To link BCR sequence information to the nature of the antigen, functional antibodies need to be produced based on the acquired sequences. This step is demanding because, first, today antibody expression and characterization are not yet compatible with high-throughput methods and, second, pairing information on heavy and light chain is required.
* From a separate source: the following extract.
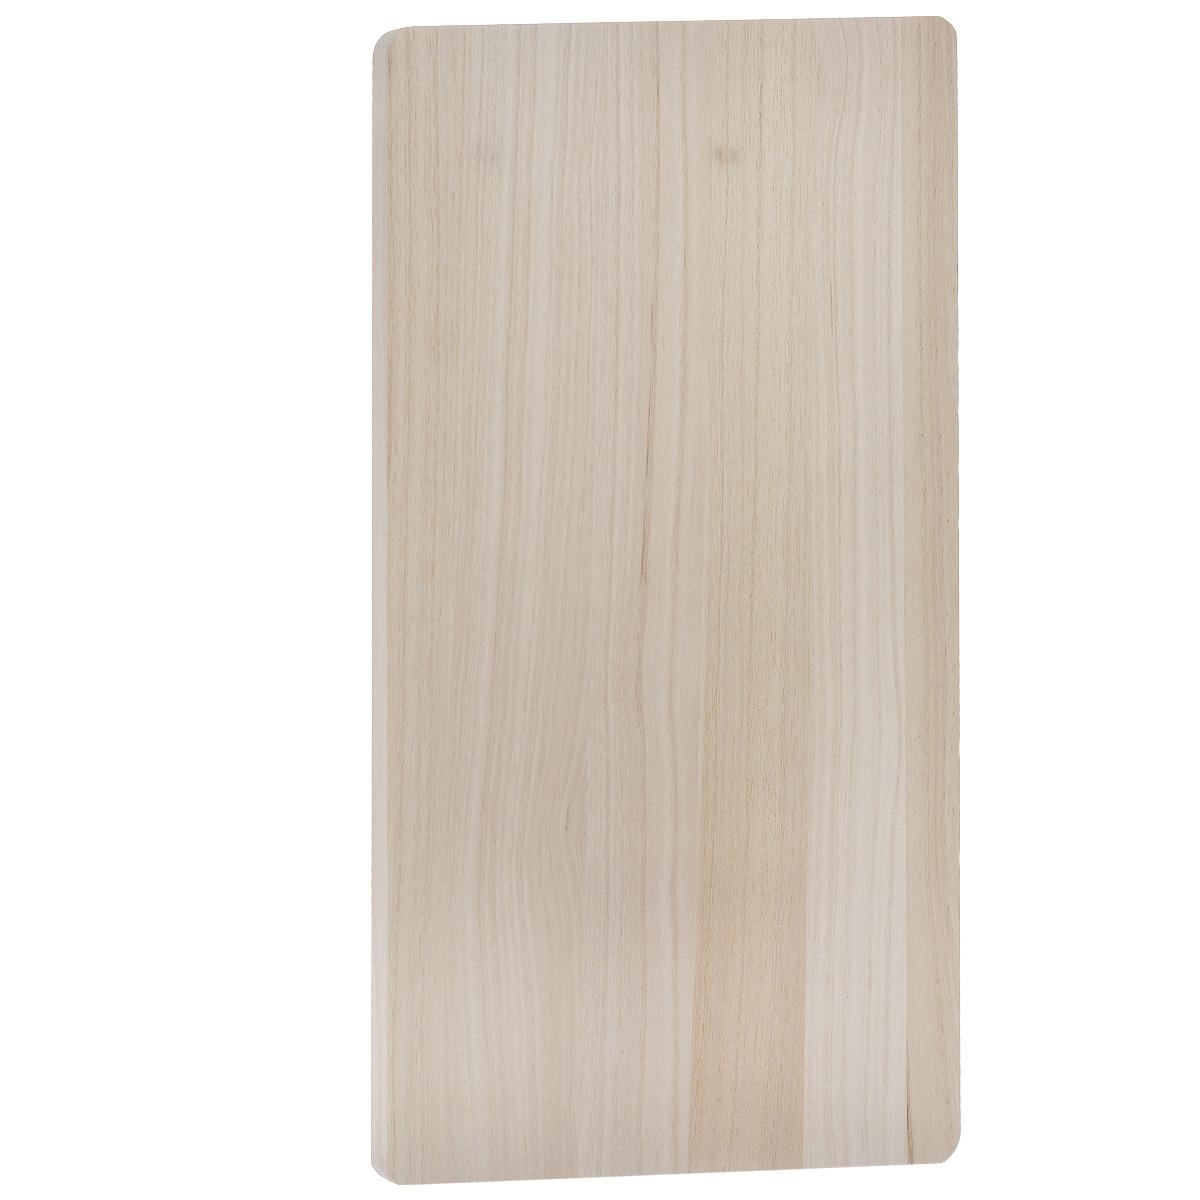 Доска разделочная Hatamoto, 53 см х 29,5 см. H-34754 009312Разделочная доска Hatamoto выполнена из адамова дерева (павловнии) - невероятно прочного и легкого материала. Такая доска обладает высокими антибактериальными и гигиеническими свойствами, легко моется и быстро сохнет.

Paired VH/VL information can be obtained by single-cell PCR. In the most comprehensive of such studies on IgA antibodies, Wardemann and colleagues67 expressed >200 functional IgA antibodies in vitro. This antibody panel was tested for binding to a set of “typical” gut antigens which led the authors to conclude that most IgA antibodies are highly specific for their respective antigen.66 Recently, the Wardemann and colleagues67 further refined the single cell-based approach using barcoded primers to amplify VH and VL regions. Subsequently, amplicon pools representing a large number of single B cells were characterized by cost-saving NGS to combine the benefits of NGS with a straightforward technique to retain pairing VH/VL information and to express functional antibodies. Following standard bulk amplification of Ig-encoding genes from tissues or cell pools, information on VH/VL pairing is lost. At best, correlation of heavy and light chain repertoires can predict likely pairings for highly frequent sequences, an approach which was successfully taken to express functional antibodies from highly polarized Ig repertoires observed in immunized mice.68 However, compared with heavy chains, light chains are less reliable to identify clonotypes7 and B-cell development in the gut biases light chains in mice.26 Thus, direct assessment of VH/VL pairing is required to systematically extend Ig-repertoire information to antibody expression and antigen specificity. A sophisticated approach to preserve pairing information of the T-cell receptor α and βchains during PCR was based on cell emulsion PCR.69 Similarly, deposition of single B cells in microwell plates was successfully used to obtain matched information on VH/VL pairing in human blood B cells.70

Determining antigen specificity through antibody expression and screening can be accompanied by computational methods for structure determination. These approaches rely on the fact that the general antibody structure is known, and in many cases a similar antibody can be found; the structures of most CDR loops are rather preserved, although CDR3 presents a bigger challenge.71 Yet, even assuming the antibody structure is known, predicting the specificity in silico (in order to narrow the range of antigens that need to be screened) is a much more daunting challenge than predicting T-cell receptor epitopes. Unlike peptides presented by major histocompatibility complex molecules, BCR antigens (a) include all possible molecules, not only proteins; (b) appear in their native unprocessed form, rather than as linear peptides; and (c) may include conformational protein epitopes consisting of structurally adjacent amino acids that come from different parts of the sequence. Finally, antibody specificity might not be determined by the BCR-encoding sequence alone. In fact, IgA and the secretory component associated with the secretory Ig complex are highly glycosylated and glycans have been shown to contribute to antigen binding.72 Thus, Ig sequencing will certainly move the field forward, but has to go hand in hand with further technical and computational inventions.

Outlook

The last few years have seen enormous advances not only in the experimental techniques for Ig repertoire sequencing, but also in the computational methods and tools available to analyse sequencing data. As the technical issues reviewed here are being addressed, we are getting closer to a point where wet-lab and computational approaches can be standardized in a way that allows results from different experiments to be directly compared, and data may be joined for large meta-studies. We expect that along with a more complete understanding of gut plasma cell subset composition in health and disease, these advances will make it possible to clarify many remaining open questions regarding the generation and shaping of mucosal antibody repertoires in health, aging, and disease.